Multiple motivations
For Chelsea Avery, a senior majoring in criminal justice from McCalla, Alabama, the course helped her break down common misconceptions about crime and take a nuanced look at the problems communities face. “News and politicians often view high-crime areas as consisting of ‘thugs’ whose sole purpose is to commit crimes,” says Avery, who plans a career in crime analysis or criminal investigations. “This is hardly the case. Many factors are associated with crime. In the same area, there may be three burglaries, but one person may do it to support a drug habit, one may do so simply because he sees an opportunity and acts on it, and one may do so to support his family.”
That’s the kind of conversation Walker encourages amid lectures on criminology theories and the life cycle of cities, among other topics. Deidra Soens, a senior criminal justice major from Warrior, Alabama, describes the classroom environment as highly interactive.

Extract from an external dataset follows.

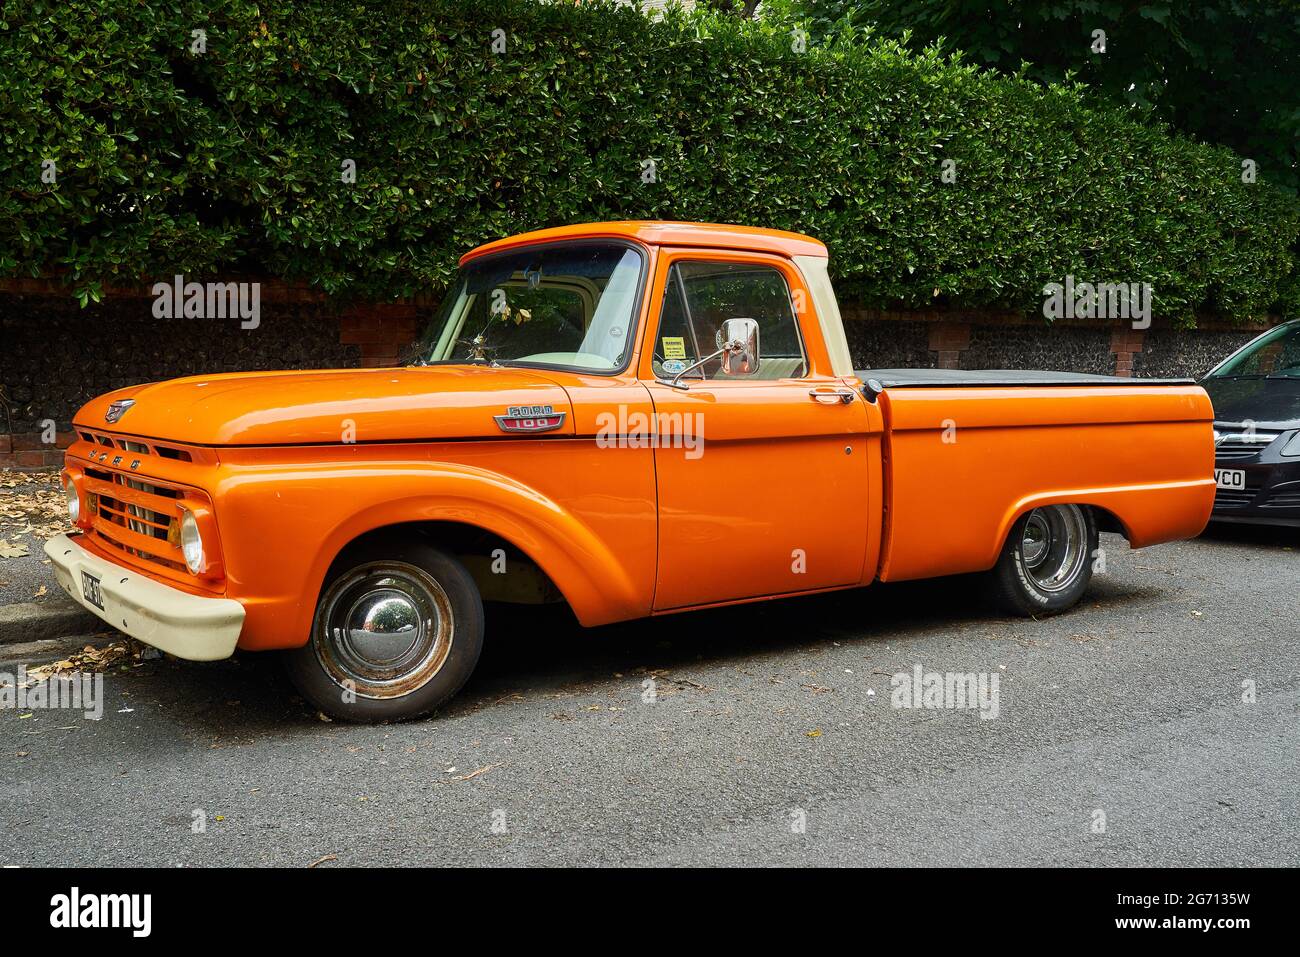 Ramsgate, United Kingdom - June 29, 2021: A mid sixties orange Ford F100 Pickup Truck Stock Photo

Rather than saying, “‘this is what we do and why,’ we discuss issues,” she says. “If Professor Walker could, he would have us talk the entire time.” Soens, an intern in UAB’s computer forensics lab, says Walker’s rigorous research appeals to her interest in finding patterns to brainstorm solutions.
Saving neighborhoods
Walker classifies neighborhoods into four categories: low-crime, emerging, transitional, and enduring. “Emerging” areas are those beginning to show subtle but ominous signs, such as a rise in juvenile arrests. “Transitional” areas are further along the spectrum, but they could still benefit from intensive, strategic interventions; otherwise, they’re likely to become “enduring” areas—as in enduring high crime. “When you get to the enduring stage,” Walker says, “pretty much all you can do is bulldoze the area and start over.”
He advocates focusing resources on transitional neighborhoods before they reach the point of no return—with a caveat. As Walker tells his students, slowing crime requires a systemic approach.

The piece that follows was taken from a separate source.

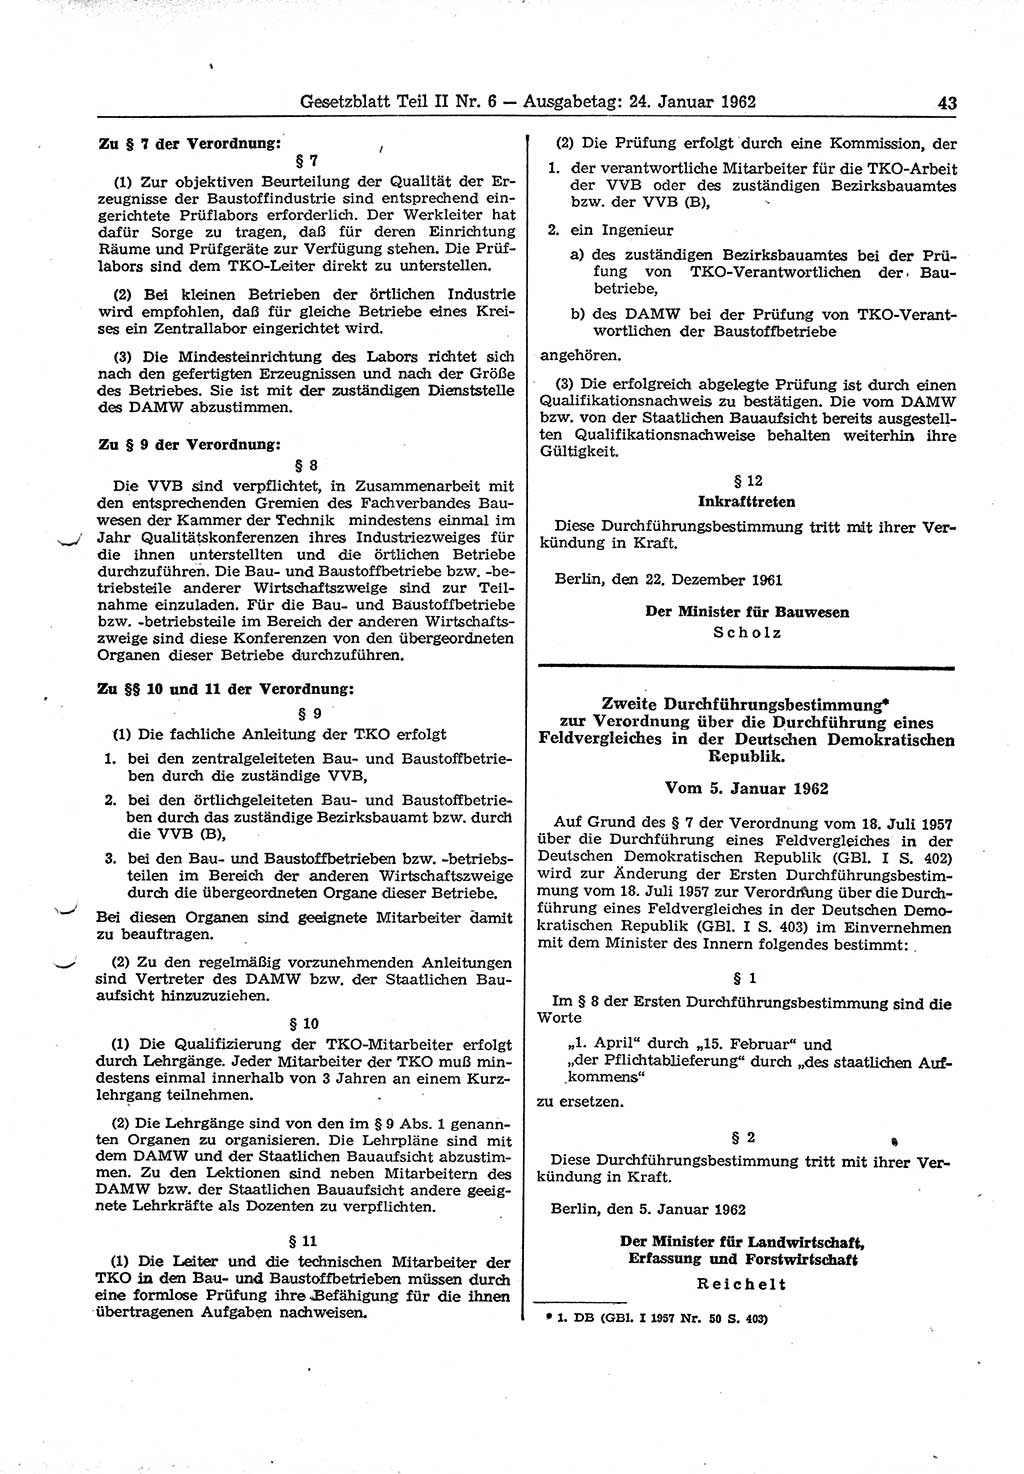 Gesetzblatt (GBl.) der Deutschen Demokratischen Republik (DDR) Teil ⅠⅠ 1962, Seite 43 (GBl. DDR ⅠⅠ 1962, S. 43)

“We have a tendency to try one solution,” Walker says. “But if you say, ‘we’re going to send in a bunch of police,’ it doesn’t help. Sometimes it makes things worse.” Instead, he’s seen success in building support systems for people living in transitional communities—programs that address school-related problems, provide after-school activities, or help residents voice their concerns, for example.
In the 1990s, when Walker taught at the University of Arkansas at Little Rock, he helped introduce an initiative aimed at providing more social services through neighborhood “alert centers.” In them, a community police officer resolved problems and built relationships with residents, and a representative from the mayor’s office helped with things like enforcing building codes so that residents weren’t living in intolerable conditions. Rising crime stems from both social and physical factors.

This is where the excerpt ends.